Cutaneous angiosarcoma may initially look like a bruise or a purplish-red papule. It may look like a benign tumor which can delay correct diagnosis and treatment. Fungation, ulceration and bleeding may develop.[3]

Cardiac angiosarcoma may present with shortness of breath, chest pain (46%), weight loss, anemia-like symptoms,[12] low blood pressure and syncope.[7]

Angiosarcomas principally metastasises through the blood with the most common site for metastasis being the lungs, this may present as pleural effusion, pneumothorax or other pleural disease. Other common sites of metastasis include the liver, bone and lymph nodes.[3]

Causes

Angiosarcoma develops when damage to the DNA of endothelial cells causes them to divide uncontrollably and prevents programmed death. This allows them to grow into a mass invading other parts of the body and consuming its resources. If part of the mass breaks off and enters the circulatory or lymphatic system (which is very common due to angiosarcomas arising from the lining of said systems) it allows them to lodge elsewhere in the body. This process is called metastasis and is a negative prognostic factor.[14] The underlying causes of DNA damage is not understood but several risk factors are widely accepted.[citation needed]

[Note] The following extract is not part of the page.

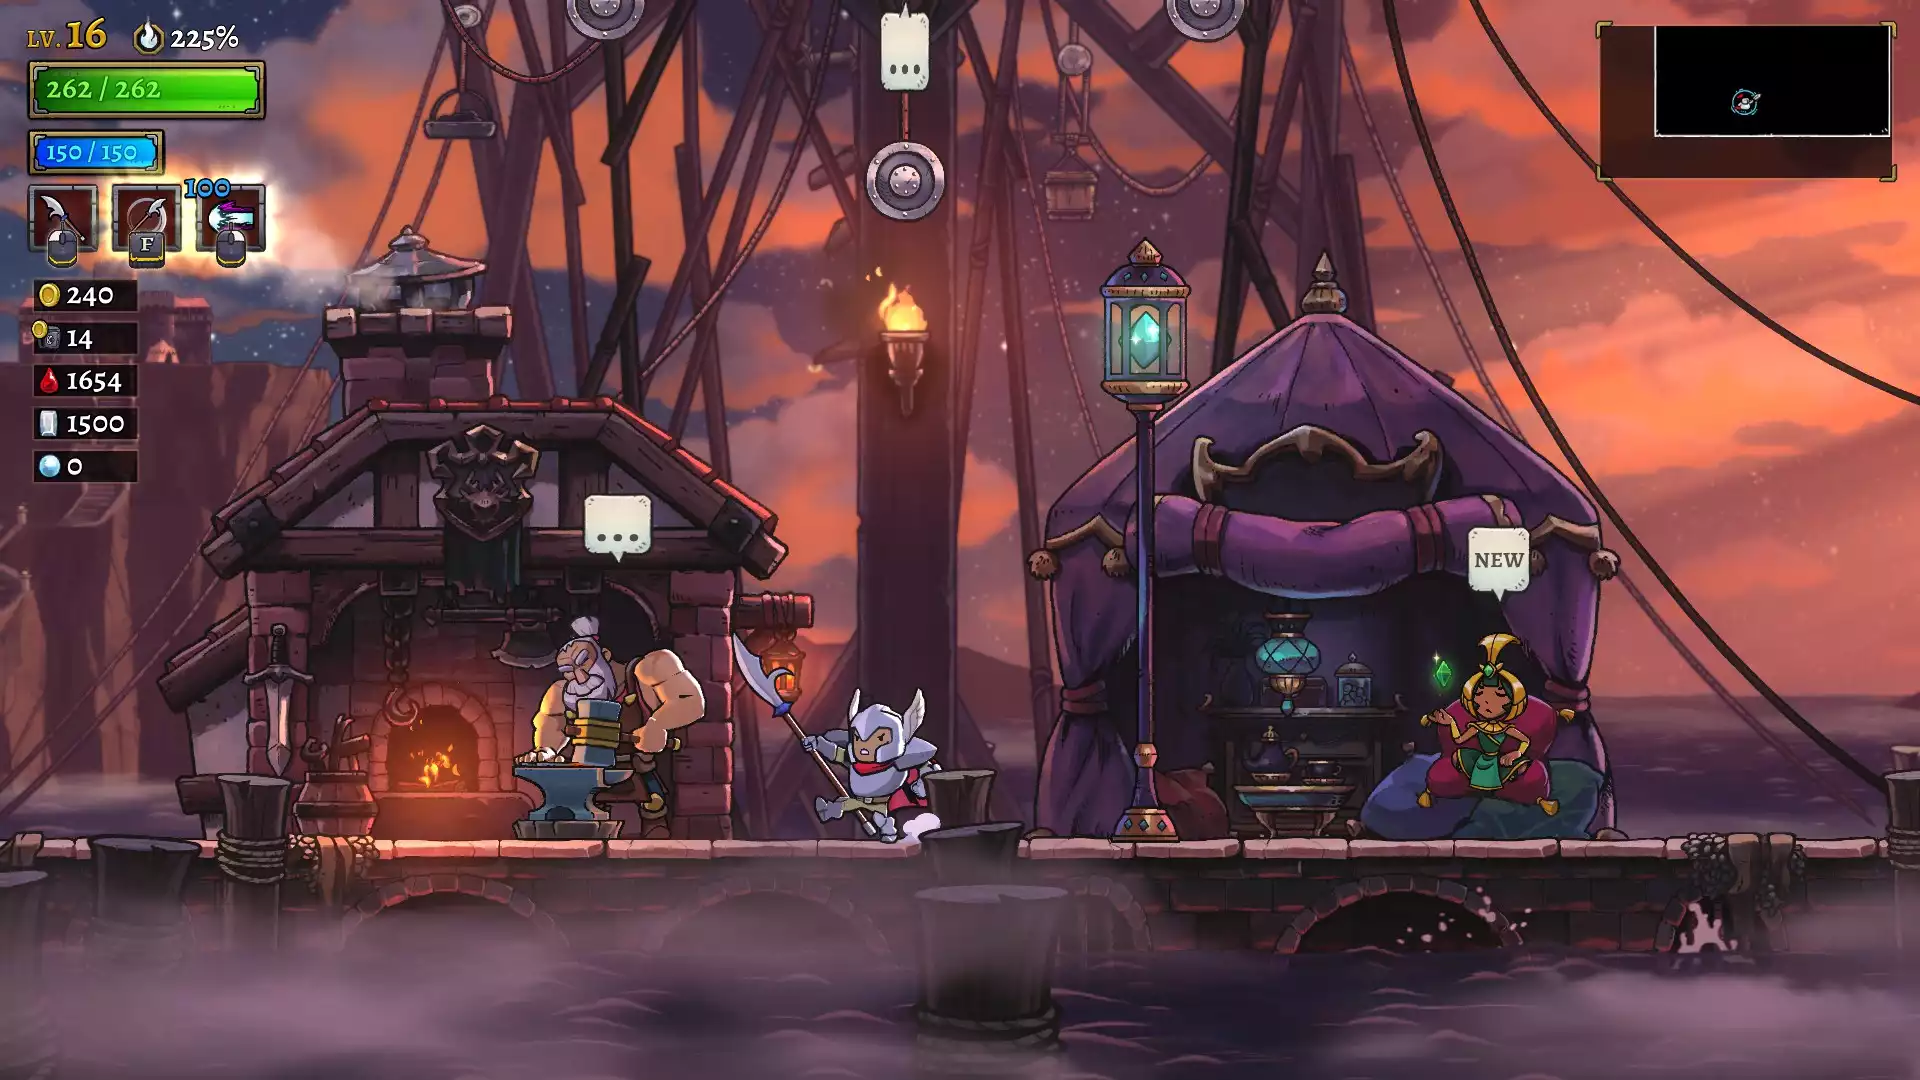 Here's how you can access all six biomes in Rogue Legacy 2

Accepted risk factors include lymphedema, radiation therapy, neurofibromatosis, Maffucci syndrome, Klippel-Trenaunay syndrome[3] and chemicals such as arsenic, thorotrast and vinyl chloride.[4]

A 2020 study analyzing the genome of cutaneous angiosarcomas suggests that ultraviolet radiation may be a causative agent of angiosarcomas.[2]

Immunosuppression may play a role in the pathogenesis of angiosarcoma. There have been reports of angiosarcoma in immunosuppressed individuals following kidney transplantation. The association between lymphedema and angiosarcoma may be due to localized immunodeficiency, however this hypothesis has not been confirmed. Some studies suggest a link between AIDS and angiosarcoma though this may be due to misdiagnosed Kaposi's sarcoma.[3]

Diagnosis

Immunostained CD31 in a cutaneous angiosarcoma

The diagnosis of angiosarcoma can be difficult due to its asymptomatic nature or non-specific symptoms. Initial diagnosis is typically done by MRI, CT or ultrasound scan, however it is typically difficult to discern if a mass is an angiosarcoma or other type of tumor such as a melanoma or carcinoma. This means that while the initial diagnosis is typically done via imaging, conclusive diagnosis has to be performed via biopsy and subsequent histological and immunohistochemical analysis.[5]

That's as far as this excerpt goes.